Puisque la sculpture a ce don de provoquer le mouvement par le biais d’un objet inanimé et fixe d’autant plus qu’elle est la source d’une précision d’orfèvre, Call me by your name se regarde par le prisme d’un dynamisme qui repose justement sur une mise en scène millimétrée, à l’assaut du moindre détail capable de faire basculer la vie des personnages. Tout concorde vers l’harmonie, elle-même recherchée par les deux amants, du petit village d’à côté (où ils aiment se balader) jusqu’aux caresses en cachette en passant par les signaux d’un sentiment qui a peur d’être dévoilé. Cette histoire, même si elle est cachée, est pourvue de vitalité et filmée de toute part. Le raffinement de l’œuvre n’a d’égale que sa fascination constante pour l’illumination cloisonnée des sentiments. Et quand ils éclatent au grand jour, lorsque ces sentiments sont devenus une vérité pour eux, la grande adresse du film est de ne pas tomber dans un romantisme brusquement interloqué, mais justement de sauvegarder chaque souffle, chaque baiser, chaque caresse pour que la nature, et le spectateur, embrassent cette histoire. C’est le sens du monologue du père d’Elio dans la dernière partie du film : au même titre que le spectateur, il a été le témoin d’une chance ; et quelle chance que celle d’un premier amour !

Les corps manquent aux émotions, ou le contraire, on ne sait plus trop : c’est une échappée belle et un souvenir éveillé. Quand Elio et Oliver s’aiment, et quand ils le montrent face caméra, c’est la promesse d’une évasion aussi vive que la douleur qui en découle, mais aussi d’un souvenir. L’étrangeté de Call me by your name est de s’adresser non seulement comme une histoire du temps présent, mais aussi comme un souvenir qui se cherche, d’où la recherche constante des détails : il s’agit effectivement de capter l’instant tout lui conférant une certaine malléabilité (plan-séquence, plans fixes, longues focales…). Le jeu des sentiments – car il est parfois question d’amusement et de plaisir au détour d’un flirt avec une femme – est aussi le jeu des corps qui gravitent autour du temps qui passe. C’est bouleversant, car le sentiment d’aimer au présent est aussi immense que celui de l’amour nostalgique. Et comment ne pas retourner dans un décor aussi gigantesque que celui-ci ? Et comment ne pas se remémorer une telle histoire, et ses détails les plus croustillants ?

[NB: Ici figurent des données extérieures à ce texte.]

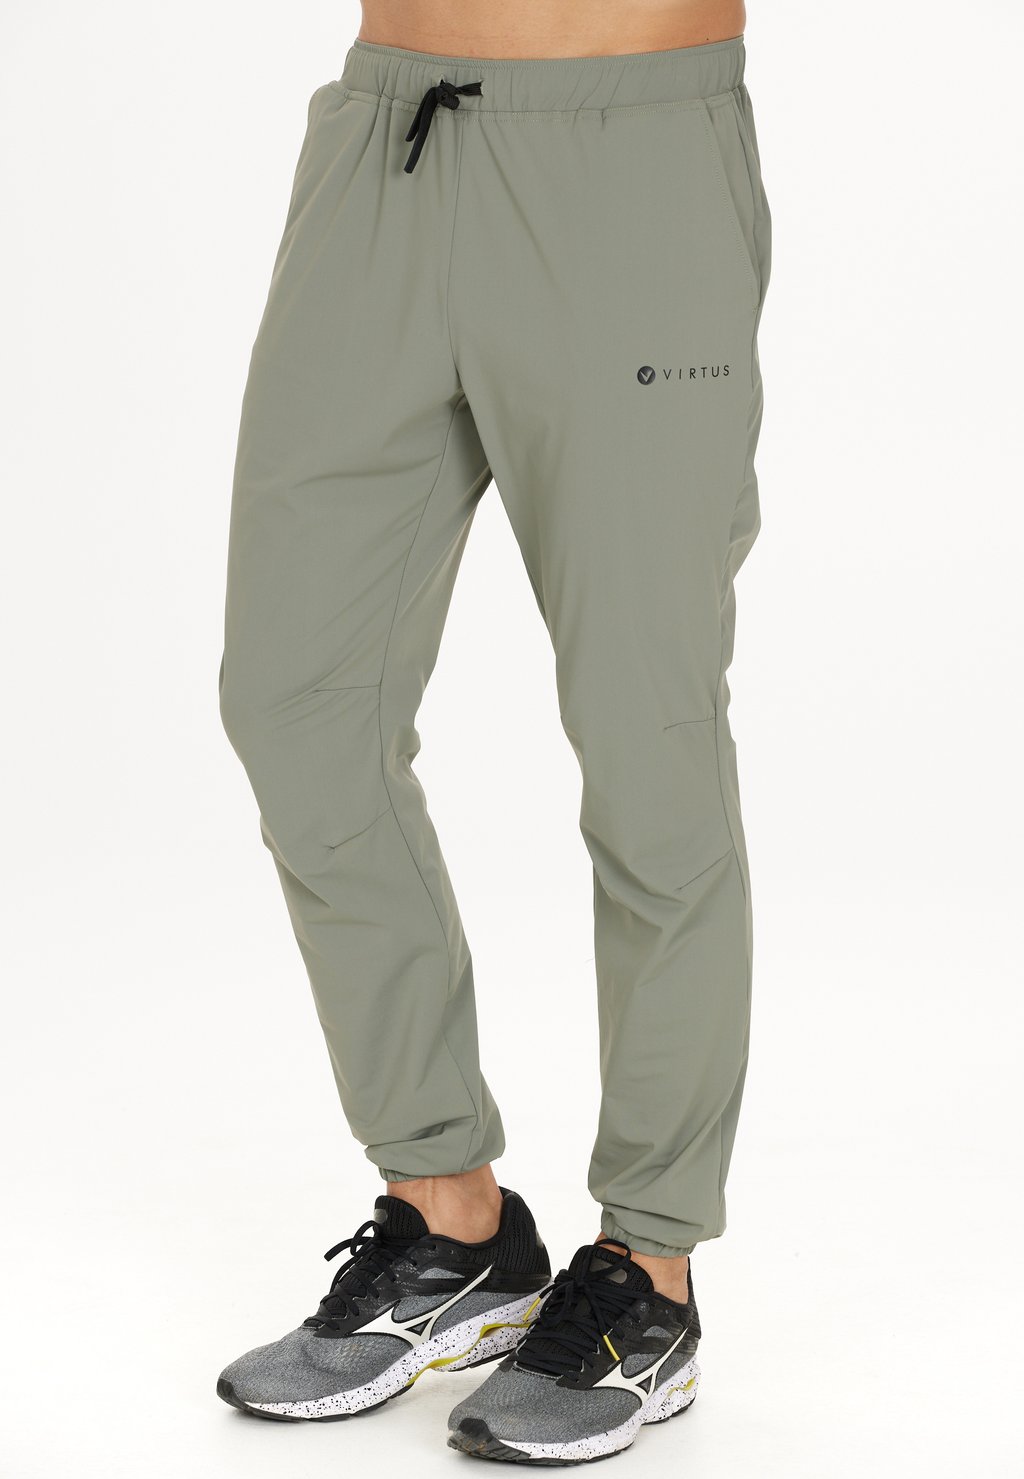 Спортивные брюки HOSE VIRTUS, цвет 3158 smoked sage цена и фото
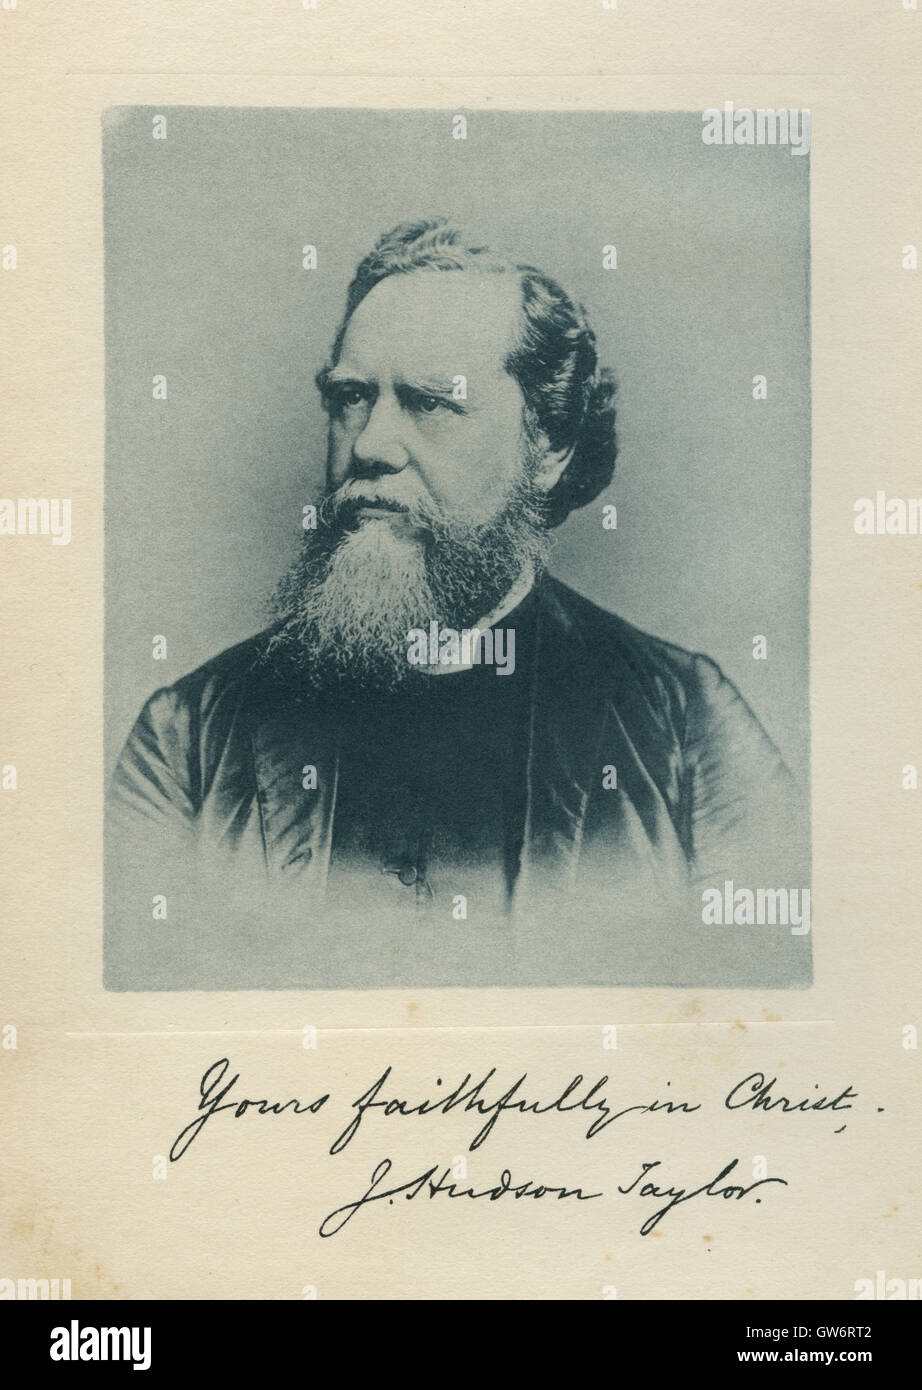 James Hudson Taylor (1832 – 1905), britischer protestantischen christlichen Missionar nach China und Gründer (1865) von der China Inland Mission. Foto c1885. Stockfoto

Autant un fragment d’un discours amoureux qu’un songe des jours d’été, Call me by your name signe la fusion – ou plutôt le triomphe – des corps et des sentiments grâce à la posture ô combien raffinée de Luca Guadagnino. Par l’émotion qu’il procure pendant et après la projection, impossible de ressortir indemne d’une telle expérience, aussi courte et intense soit-elle ; comme un premier amour et les souvenirs qui demeurent.